» What the task asks: Nothing in the entries should change; repeat them exactly.

» Records provided:
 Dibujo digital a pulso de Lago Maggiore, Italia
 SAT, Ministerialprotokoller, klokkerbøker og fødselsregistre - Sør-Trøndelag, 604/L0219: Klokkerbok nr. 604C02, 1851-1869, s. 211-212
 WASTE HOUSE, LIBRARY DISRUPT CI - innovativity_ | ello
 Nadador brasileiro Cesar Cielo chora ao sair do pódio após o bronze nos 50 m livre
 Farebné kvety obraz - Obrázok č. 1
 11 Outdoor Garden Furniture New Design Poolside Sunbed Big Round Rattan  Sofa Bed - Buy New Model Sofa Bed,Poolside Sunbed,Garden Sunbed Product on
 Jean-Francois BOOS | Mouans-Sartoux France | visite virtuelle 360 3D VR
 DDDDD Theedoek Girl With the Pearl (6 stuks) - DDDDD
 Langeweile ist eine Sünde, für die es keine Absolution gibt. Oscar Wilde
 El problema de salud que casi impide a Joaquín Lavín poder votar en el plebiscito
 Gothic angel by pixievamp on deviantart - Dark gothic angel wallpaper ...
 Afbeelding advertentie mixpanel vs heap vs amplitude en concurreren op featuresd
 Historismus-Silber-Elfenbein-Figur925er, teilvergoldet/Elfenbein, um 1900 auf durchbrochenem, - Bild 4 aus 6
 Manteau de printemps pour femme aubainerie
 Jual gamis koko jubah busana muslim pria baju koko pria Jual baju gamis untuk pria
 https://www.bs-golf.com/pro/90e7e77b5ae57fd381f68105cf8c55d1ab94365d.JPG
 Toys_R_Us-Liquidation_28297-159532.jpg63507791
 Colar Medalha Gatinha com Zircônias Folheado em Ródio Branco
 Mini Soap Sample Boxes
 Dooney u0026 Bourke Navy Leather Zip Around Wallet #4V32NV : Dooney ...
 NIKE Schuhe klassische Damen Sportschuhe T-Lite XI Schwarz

» Answer:
 Dibujo digital a pulso de Lago Maggiore, Italia
 SAT, Ministerialprotokoller, klokkerbøker og fødselsregistre - Sør-Trøndelag, 604/L0219: Klokkerbok nr. 604C02, 1851-1869, s. 211-212
 WASTE HOUSE, LIBRARY DISRUPT CI - innovativity_ | ello
 Nadador brasileiro Cesar Cielo chora ao sair do pódio após o bronze nos 50 m livre
 Farebné kvety obraz - Obrázok č. 1
 11 Outdoor Garden Furniture New Design Poolside Sunbed Big Round Rattan  Sofa Bed - Buy New Model Sofa Bed,Poolside Sunbed,Garden Sunbed Product on
 Jean-Francois BOOS | Mouans-Sartoux France | visite virtuelle 360 3D VR
 DDDDD Theedoek Girl With the Pearl (6 stuks) - DDDDD
 Langeweile ist eine Sünde, für die es keine Absolution gibt. Oscar Wilde
 El problema de salud que casi impide a Joaquín Lavín poder votar en el plebiscito
 Gothic angel by pixievamp on deviantart - Dark gothic angel wallpaper ...
 Afbeelding advertentie mixpanel vs heap vs amplitude en concurreren op featuresd
 Historismus-Silber-Elfenbein-Figur925er, teilvergoldet/Elfenbein, um 1900 auf durchbrochenem, - Bild 4 aus 6
 Manteau de printemps pour femme aubainerie
 Jual gamis koko jubah busana muslim pria baju koko pria Jual baju gamis untuk pria
 https://www.bs-golf.com/pro/90e7e77b5ae57fd381f68105cf8c55d1ab94365d.JPG
 Toys_R_Us-Liquidation_28297-159532.jpg63507791
 Colar Medalha Gatinha com Zircônias Folheado em Ródio Branco
 Mini Soap Sample Boxes
 Dooney u0026 Bourke Navy Leather Zip Around Wallet #4V32NV : Dooney ...
 NIKE Schuhe klassische Damen Sportschuhe T-Lite XI Schwarz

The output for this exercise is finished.